Age of Easy
“Do you play any instruments?”
“No, but I wish I could play the piano.”
“Why don’t you?”
“It’s too hard.”
I live in Nashville and work in music, so I get asked that question frequently (read: at least twice weekly) and the conversation generally follows the above script.
But the thing is, I took piano lessons for a hot minute when I was a kid. But eventually I begged my mom to let me to quit. Piano was just too hard for me.
Then I tried to take it up again in college, both attempting to teach myself and enlisting the guidance of musically-minded friends.
But I quit that, too. “Too hard” was my excuse. Again.
In fact, I’ve quit - or put off - pursuing a lot of things because I’ve deemed them too difficult: learning French, improving my art skills, learning to cook, following through with my goal to write daily.
So instead, I relegate these things to my “wish-I-could” category and carry on with the easy stuff instead.
We always go for easy, don’t we?
Binge watching TV is easy. Hookups are easy. Sparknotes is easy. Scrolling through Instagram instead of saying hello to the person sharing an elevator with you is easy. Settling into a mundane job you don’t care for is easy. Hiding behind the security of a text message for a difficult conversation is easy. Holding a grudge instead of apologizing is easy. Eating ice cream and watching New Girl instead of finishing this post is easy.
We’re in the age of easy.
Why are we so adamant to avoid hard things when in the end those are the things that often leave us the most fulfilled? That painting we’ve pained over, a successful relationship we’ve willingly sacrificed for, a difficult conversation that cleared up misunderstandings: aren’t all of these things infinitely more precious to us than those which came to us easily?
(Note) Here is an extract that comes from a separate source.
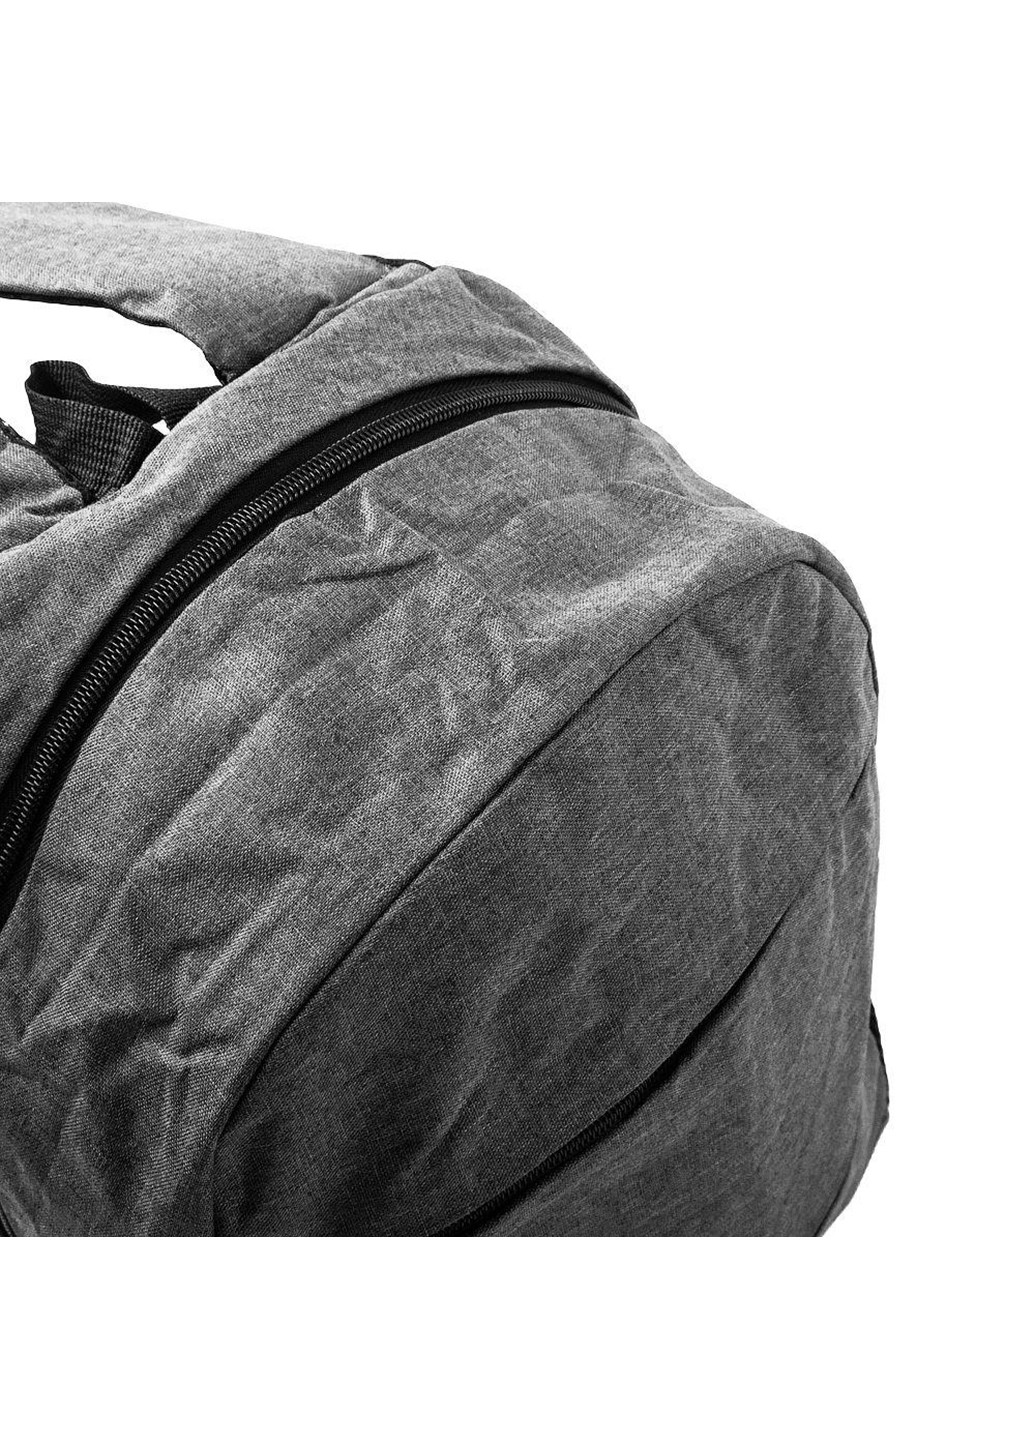 Мужской смарт-рюкзак 28х43х9 см Valiria Fashion (252131266)

And of which accomplishment are we more proud, anyways? That which required no effort or the feat which consumed us entirely? In fact, can we call anything that takes no effort an accomplishment at all?
At this point in the post, I was going to provide an excerpt from my own life of a time I slaved over something and was pleased with the results despite the difficulty, but you know what I realized? I can’t even remember the last time I followed through with something that was exceptionally difficult (except for that Physics class I took one summer which was truly a taste of what’s waiting for the damned in Hell’s abyss). Who am I?! When did I judge everything as too hard and not worth my effort?
Rarely is something too hard; we put the “too” there as an excuse, a justification for why we refuse to even give something a go.
“Learning piano is too hard, so why should I even try?”
“Being in a relationship would be too hard, so why should we even try?”
“Pursuing my passion is too hard, so why should I even try?”
Consistently, we confuse difficulties for impossibilities.
I think somewhere along the way, what’s most comfortable for us got confused with what’s best for us, when in reality this couldn’t be further from the truth. Easy doesn’t lead to growth. Easy leads to atrophy.
Isn’t it time we put aside the excuses?